Я, грек Зорба (Невероятные похождения Алексиса Зорбаса) - Казандзакис Никос - Страница 32
- Предыдущая
- 32/70
- Следующая
Мы торопливо прошли через деревню. Лунный свет был тревожен. Представьте себе, что будучи пьяным А вы вышли на воздух и нашли мир внезапно изменившимся. Дороги превратились в молочные реки, ямы и рытвины полны до краев известью, горы покрылись снегом. Ваши руки, лицо, шея фосфоресцируют, как брюшко светлячка. Луна же, словно экзотическая медаль, висит у вас на груди.
Мы бодро шли, сохраняя молчание. Опьяненные лунным светом, пьяные еще и от вина, мы не чувствовали, как наши ноги касались земли. Позади нас в заснувшей деревне собаки забрались на крыши и жалобно лаяли, глядя на луну. Нас тоже охватило безотчетное желание вытянуть шеи и завыть…
В это время мы проходили мимо сада вдовы. Зорба остановился. Вино, хороший стол, луна вскружили ему голову. Он вытянул шею и своим грубым ослиным голосом заревел непристойное четверостишие, придуманное им в эту минуту сильного возбуждения:
Как я люблю твое прекрасное тело,
Начиная от талии и спускаясь все ниже!
Оно принимает гибкого угря
И в ту же минуту делает его неподвижным.
Здесь тоже живет отродье дьявола, — сказал он, — пойдем прочь, хозяин!

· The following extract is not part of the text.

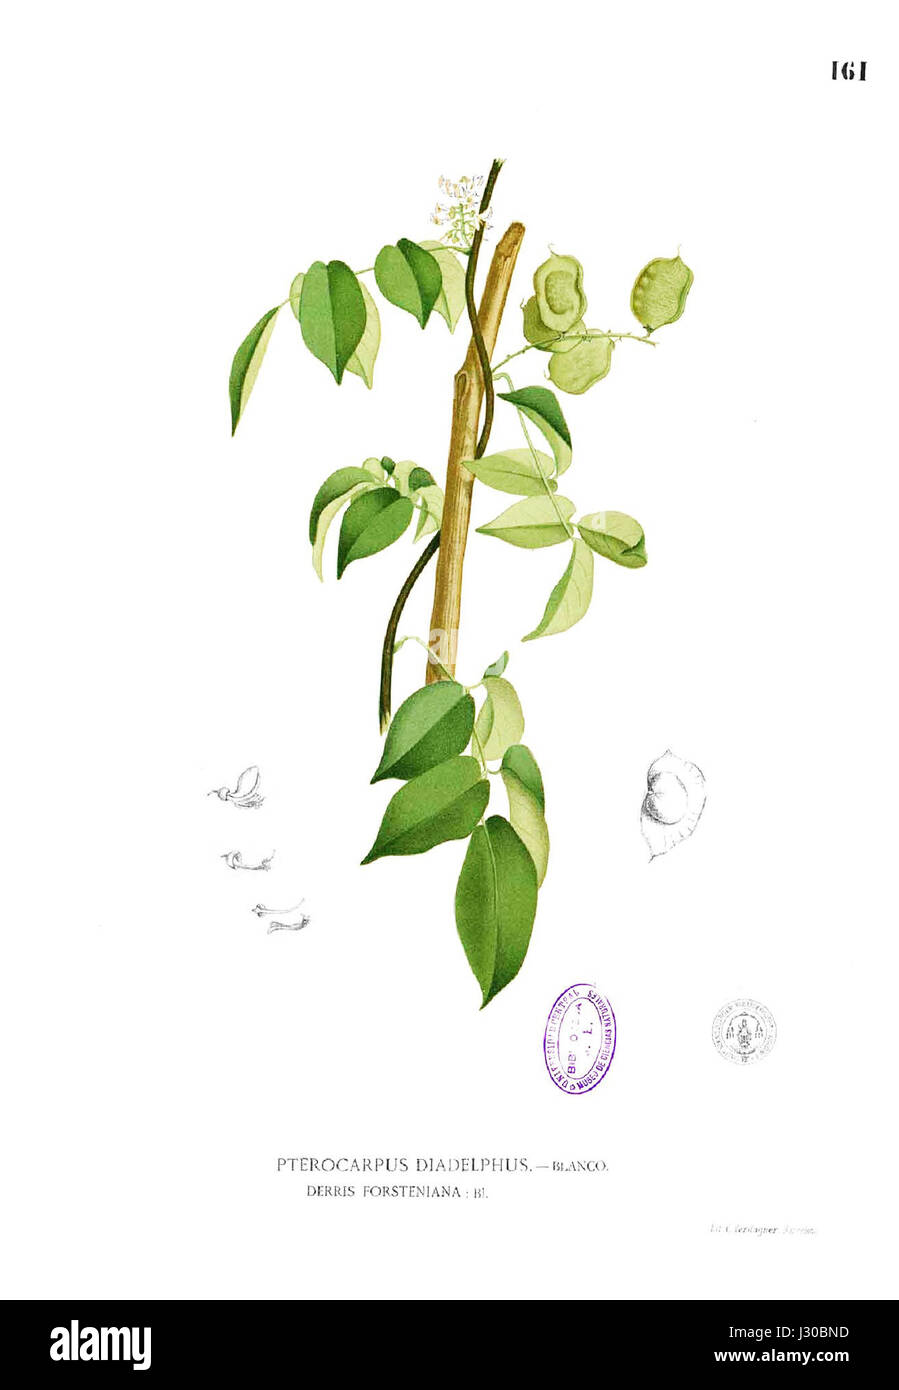 Aganope thyrsiflora Blanco1.161 Stock Photo
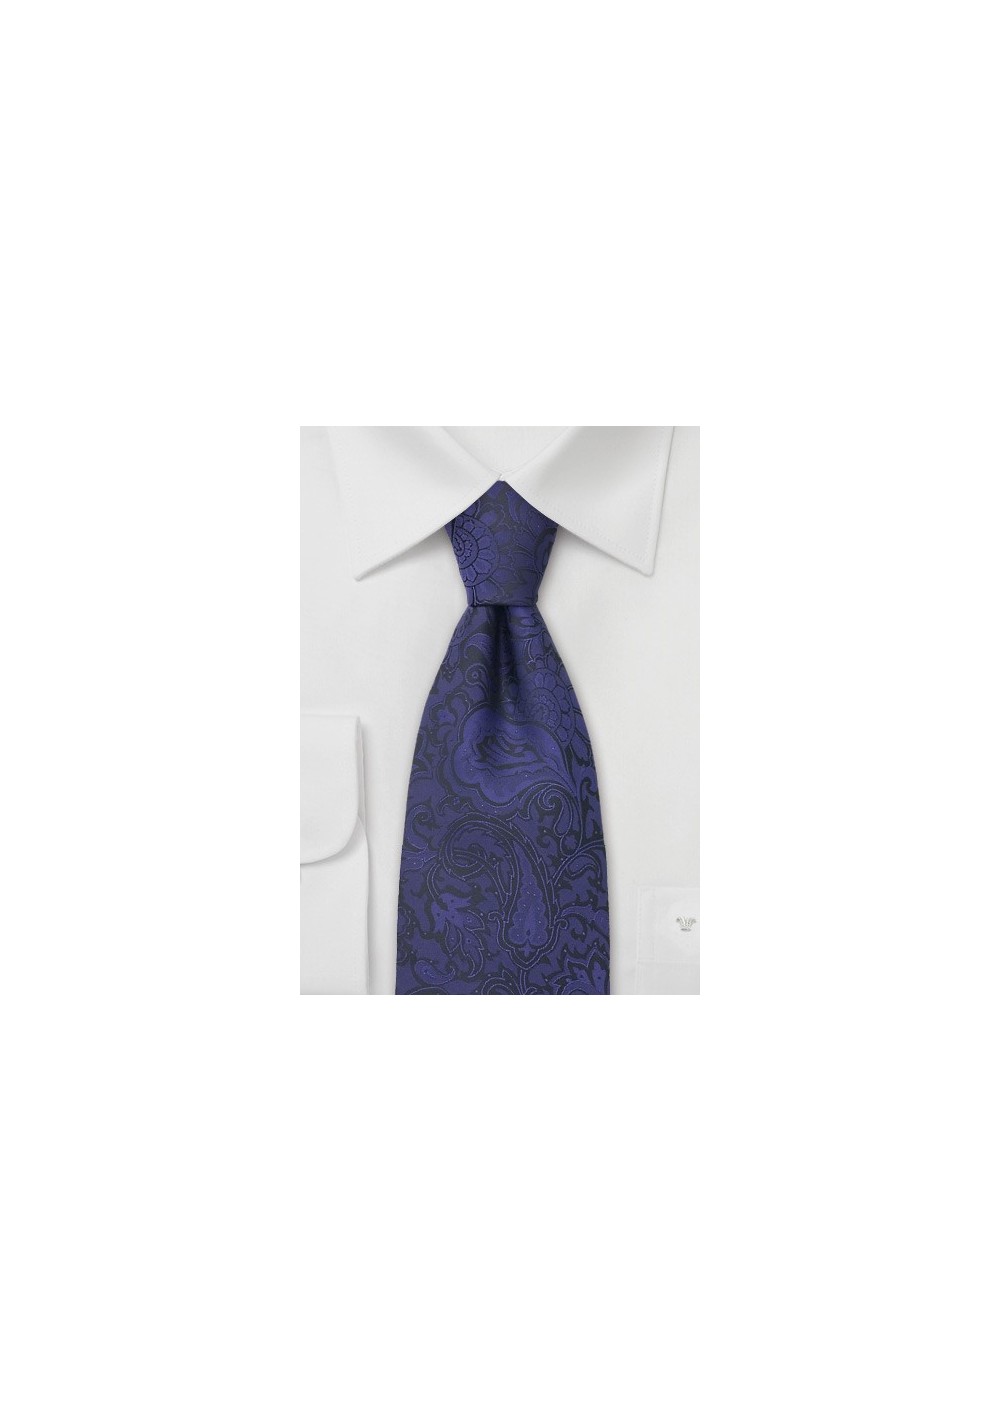 Indigo-Purple Paisley Tie

Уже начинало светать, когда мы пришли к себе в хижину. Я в изнеможении бросился на кровать. Зорба умылся, зажег жаровню и сварил кофе. Он присел на корточки перед дверью, закурил сигарету и принялся мирно покуривать, глядя в сторону моря. Лицо его было серьезным и сосредоточенным. Он был похож на японский рисунок, какой я очень любил: аскет сидит, скрестив ноги, завернувшись в длинные оранжевые одежды; лицо его блестит, как хорошо отполированное дерево, почерневшее от дождей; выпрямив шею, улыбаясь, бесстрашно смотрит он перед собой в темную ночь…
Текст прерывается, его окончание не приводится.